2) Re-using the batteries and the motor/transaxle with someone else's inverter: the UMC is not only working, but for sale now, is that not right? That allows the power stage of the existing inverter to be re-used, while lobotomizing the entire front end of the inverter and its unpleasant ties to the existing vehicle's VCU. Swapping out the inverter also allows you to push more power out of the Leaf motor- a hell of a lot if you take a look at what the CRX guy did! His is amazing, but I don't think he even salvaged the power section out of the Leaf inverter, he just started more or less from scratch with his controller.

3) Adding the BMS and charger to 2)- would require some CANBUS hacking and reverse engineering for sure. Definitely already well beyond my personal skill and frustration tolerance level!

4) Re-using the whole car- an "in vivo" transplant. Wow, that's a complex task- so many wires, so many parts not actually necessary in your own car. plus the displays etc......but you get the BMS and the charger as well as all the other bits. 

5) Just buying a working, used Nissan Leaf out of California for $7000 USD, and driving it.

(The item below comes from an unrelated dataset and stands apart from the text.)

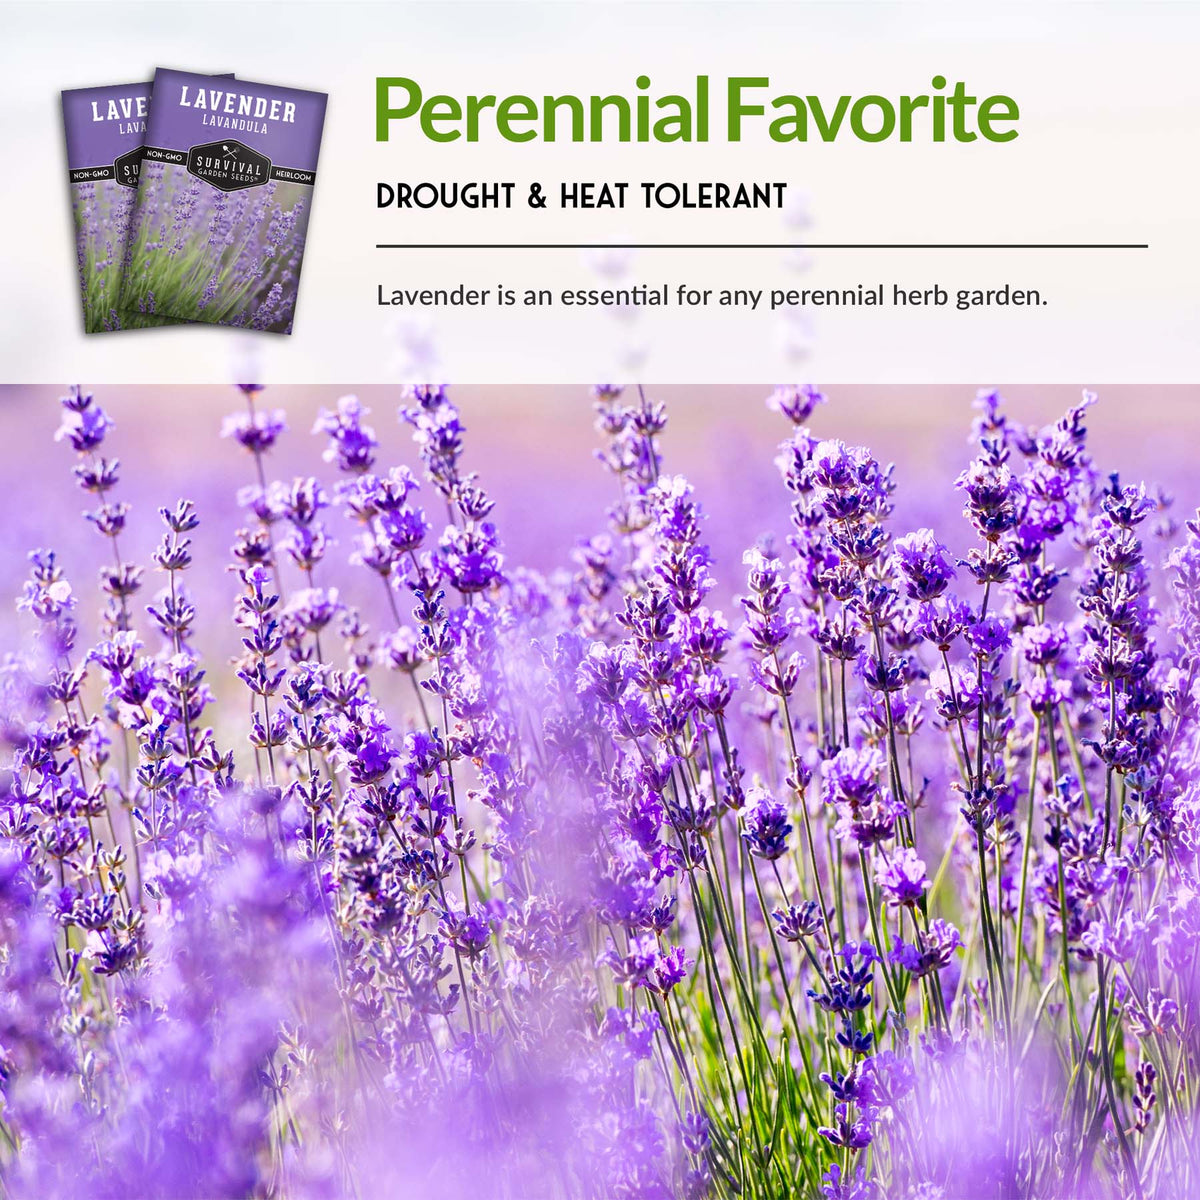 Lavender is a drought and heat tolerant perennial
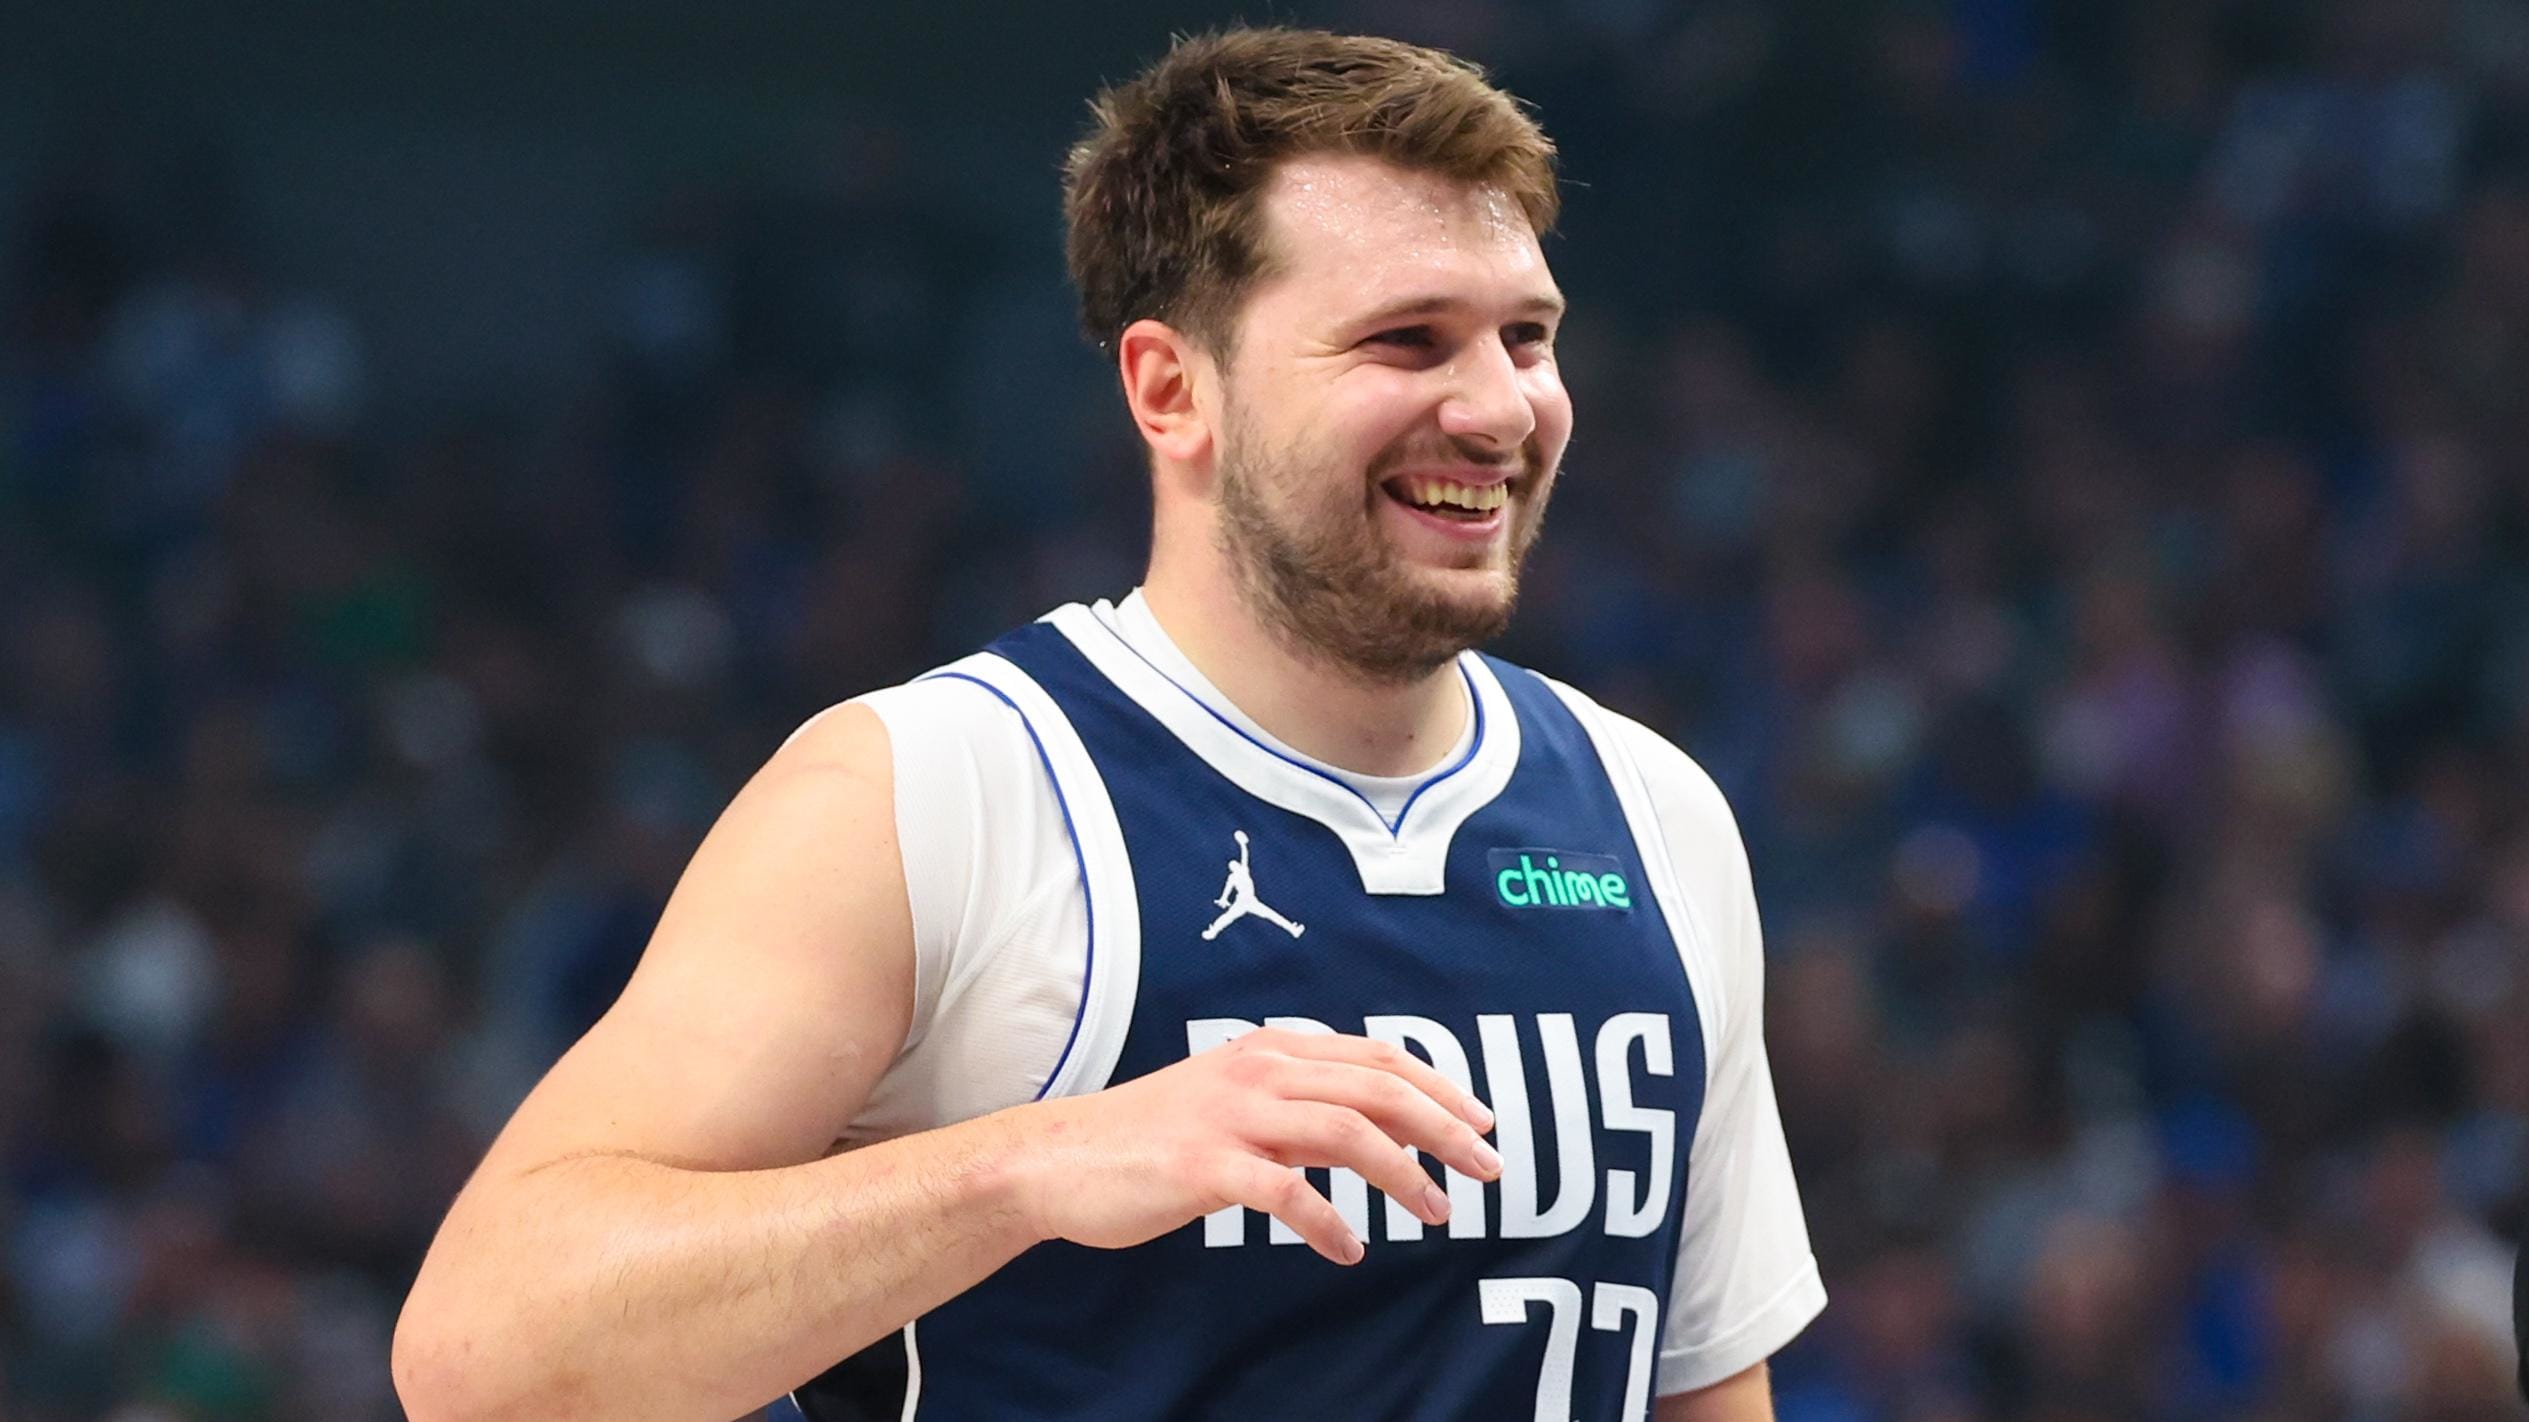 Dallas Mavericks vs. Clippers Game 5: Luka Doncic’s Knee Injury Update & Team’s Standings

Unless you're putting the powerplant into something really cool, why would you bother with anything other than 5)?


----------



## piotrsko (Dec 9, 2007)

Because they are ugly and not a Ford


----------



## lottos (Jun 22, 2008)

Moltenmetal said:


> I was really excited to keep up with miscrms in-vivo transplant of a Leaf into his Saab Sonnet, but he hasn't posted since May of last year.


Same here. He seemed so close to being finished and the first to do one.

Disappointed...


----------



## Caps18 (Jun 8, 2008)

I could see it being much more of a mechanical/structural engineering challenge to take all of the leaf parts and place a shell of a different car over top of it. I don't know what would happen and all of the problems that would entail. But, the electrical, drive shaft, and EV side of things would not be a problem.

This is an expensive GT40 shell that might need Tesla like speed to make it worth it. But, I would think that I would have had an easier time moving all of the Leaf parts into an Chevy S10 than researching and buying all of the parts one at a time like I had to do. But, I can't be certain, and besides the high speed charging, I think mine will be better in the end.

http://race-car-replicas.com/rcr40-kit-details


----------